Council employees, elders, researchers, education and youth workers, and activists attended the meeting to discuss the progress made since 1965 and the work which remains to be done.
“I’m afraid to say that although a lot has changed, a lot hasn’t changed as well,” Mr Munro said.
However, they placed a strong emphasis on holding a positive and inclusive commemoration. Elder Lyall Munro Sr reminded the meeting it was not just the Aboriginal community which faced discrimination, telling the story of a white man who was forced out of town after he married a black woman.
Eddie said Freedom Riders gave the local indigenous community “hope and energy” and that they “owed it” to to one if its leaders, Perkins, to “continue moving forward”.
“Charlie Perkins was one of the most amazing people I ever met,” he said.
“I got to meet him and shake his hand. I didn’t want to wash that hand afterwards,” Eddie said.
“I was in a bus to the Moree pool with Charlie Perkins two times in my life, once in 1965 and the other in 2000 for the 35-year anniversary.
“I had been asked to give a speech and was up all night thinking about what I was going to say. Then, when I saw that welcoming crowd and compared it to the one 35 years ago, it came to me.
“I had to talk about how far we’ve come.”
A CONCERT by Troy Cassar-Daley and Paul Kelly and an exhibition featuring photos of the event will be among the highlights of a week of commemorations for the 50th anniversary of the Freedom Rides.
The official opening of the Freedom Ride commemorations will begin with a free breakfast at 8.30am in Kirkby Park on Sunday, February 15. It will be followed by a march to the Moree Artesian Aquatic Centre at 9.30am, which will have free entry for children between 10am to 1pm. Adults who march will receive free entry into the pool with non-marching adults to pay normal pool entry fees. A barbecue lunch will be provided.
On the following day the Moree Plains Gallery will open its Freedom Ride in Pictures exhibition, featuring a collection of photos taken by the Tribune Newspaper during the Freedom Ride.

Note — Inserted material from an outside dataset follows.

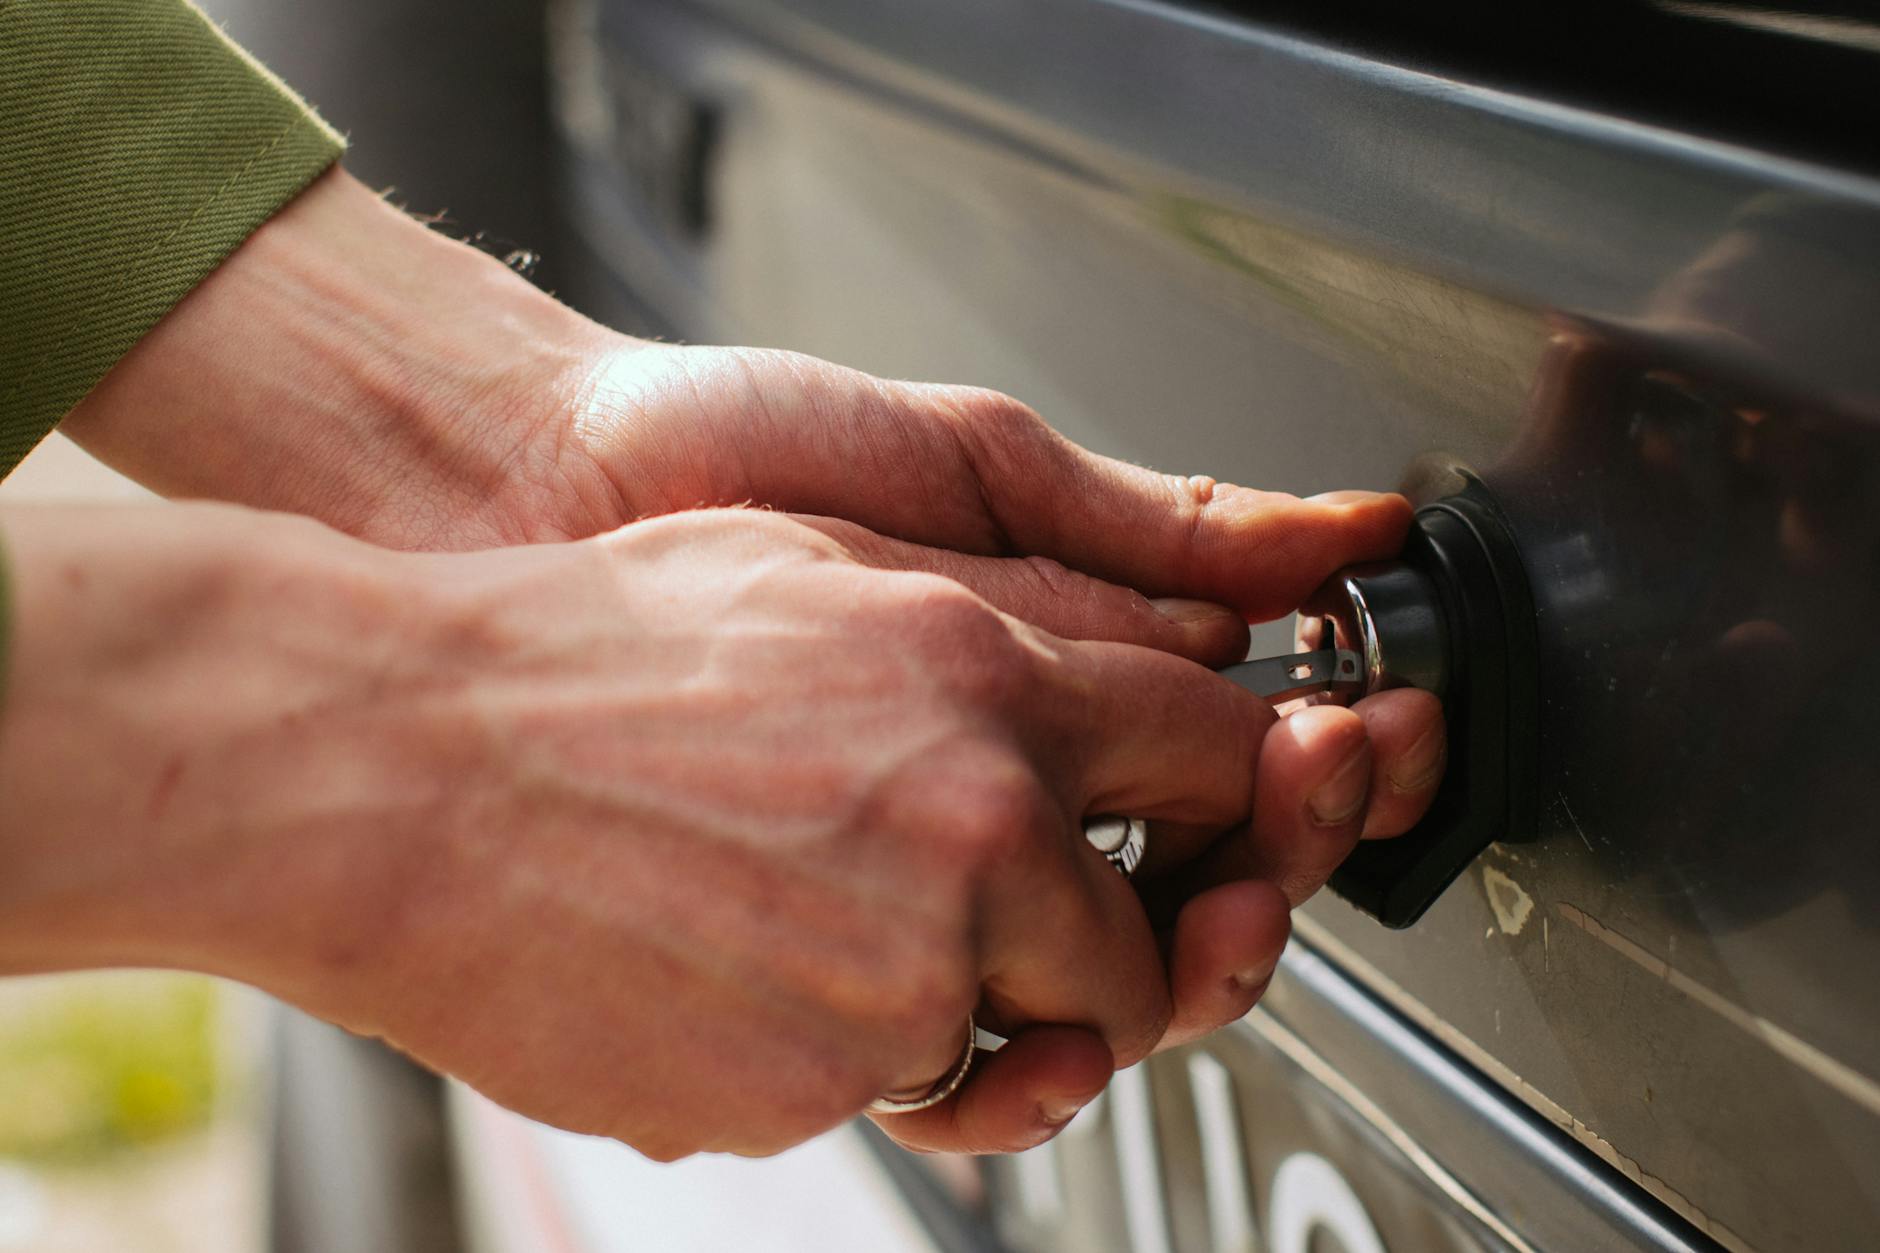 hands of a man unlocking car trunk with a key

The library will display its Freedom Ride materials at 10.30am with morning tea provided.
At 7pm on Tuesday evening the Banquet Hall will be screening ‘The Freedom Ride’.
It will be screening again the following day at 10.30am and 2pm for students and community members at the Moree Secondary College.
St Pius X will hold a big breakfast at 8am to 11am on Thursday with guest speakers from the original ride Zona Moore and Eddie Pitt.
Friday will be a golf day with 7am breakfast and 8.30am shotgun start. A $15 entry fee will cover lunch and the first 100 players receive a commemorative Freedom Ride bucket hat.
Later in the day members of the University of Sydney will be involved in a Freedom Ride recreation tour, which begins at 1pm with a street procession from Dhiiyaan to Moree Town Hall. It will be followed by a community forum to meet some of the original Freedom Riders and a free community concert featuring Troy Cassar-Daley and Paul Kelly.
The commemorations will come to a close on Saturday with a bowls day at the Moree and District Services Club.